If we're talking about a vanilla object cache, I think that it probably only
costs 50% or so to make the extra copies and system calls. However, an in-
memory "cache" can be something more than just a key-value store. E.g., for
the thing I'm building right now, there are some more structurally complex
graph structures that need to be traversed with every request to the "cache",
and of course making a localhost RPC call for each entry/exit to the cache is
really problematic. Though I admit that most caching is unsophisticated stuff,
and in those cases it's just a ~2x difference.

------
anko
The article is just wrong.

> And it’s no wonder. Until Rails 4, the core framework didn’t even support
> concurrent request handling. And even in Rails 4, concurrent request
> handling is multiplexed on a single CPU core, leaving Rails unable to take
> advantage of the parallelism of modern architectures.

Every single rails installation I have seen runs multi-process and takes
advantage of multiple cores. And then he goes on to say something similar, but
says thats a disadvantage because the processes aren't using shared memory to
communicate and have to use memcached.

The thing is, the rails model means rolling restarts are a lot easier, and you
are lot more flexible with deployment strategies.

> However, modern dynamic languages (and their incapacity to do the sort of
> meaningful pre-runtime verification of basic semantic well-being one expects
> from a compiler) place a burden on test coverage. Of course it is essential
> in any language to provide test coverage for core algorithms and other
> subtle aspects of a software module. However, when trying to “move fast" and
> get to market quickly, one shouldn’t have to write tests for every souped-up
> accessor method or trivial transformation.
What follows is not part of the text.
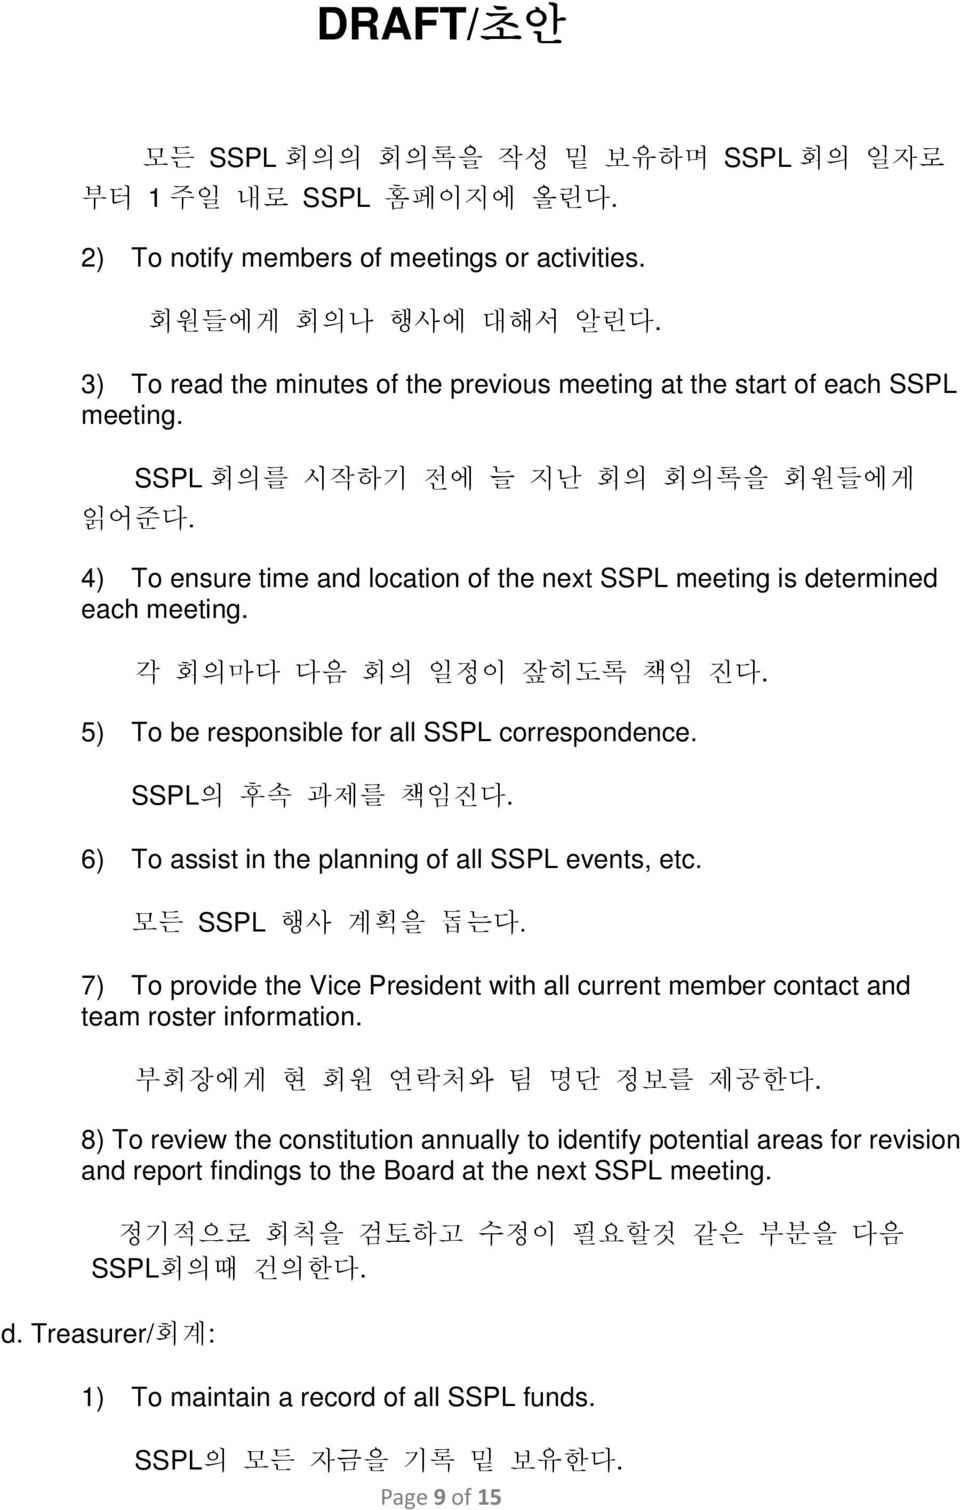 4) To ensure time and location of the next SSPL meeting is determined each meeting. 각 회의마다 다음 회의 일정이 잪히도록 책임 진다. 5) To be responsible for all SSPL correspondence. SSPL의 후속 과제를 책임진다.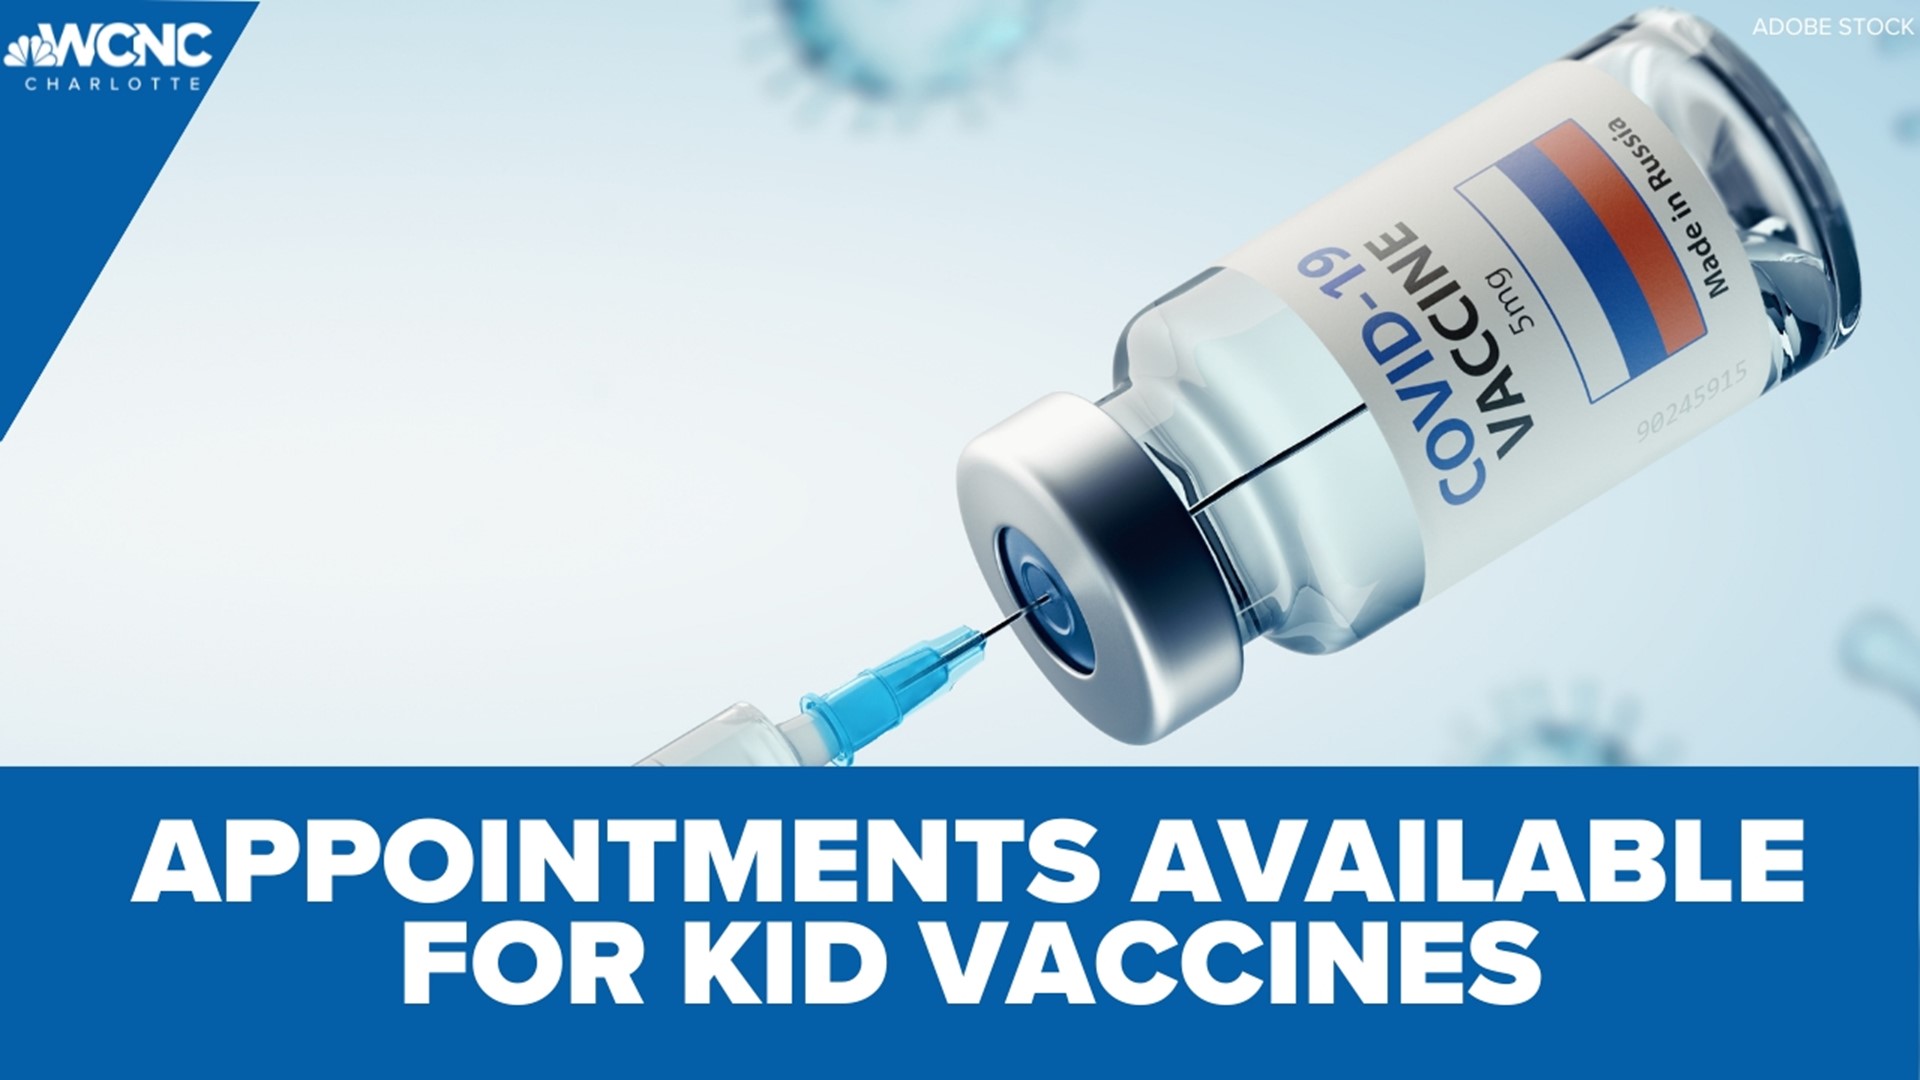 After approval from the FDA and CDC, coronavirus vaccinations are available for the first time for children as young as 6 months old.

I'm still undecided about this angle. I simply don't find types to be a
problem. While I agree fixed types are more performant, not dealing with types
makes the code more fun because you're not held back from running it because
you forgot a typecast.

Tests are essential, but the flipside is that tests are quicker to write in a
duck-typed language, too.

The post of obviously trolling for clicks - even the title is saying nobody
should use rails, and then it gives his times when you should use it at the
bottom.

------
mbesto
Twitter stopped growing because it chose to use Rails.

Facebook stopped growing because it chose to use PHP.

Pinterest stopped growing because it chose to use Django.

Tumblr stopped growing because it chose to use PHP.

Instagram stopped growing because it chose to use Django.

StackOverflow stopped growing because it chose to use .NET.

37Signals stopped growing because it chose to use Rails.

Groupon stopped growing because it chose to use Rails.

</sarcasm>

Can we end this debate already?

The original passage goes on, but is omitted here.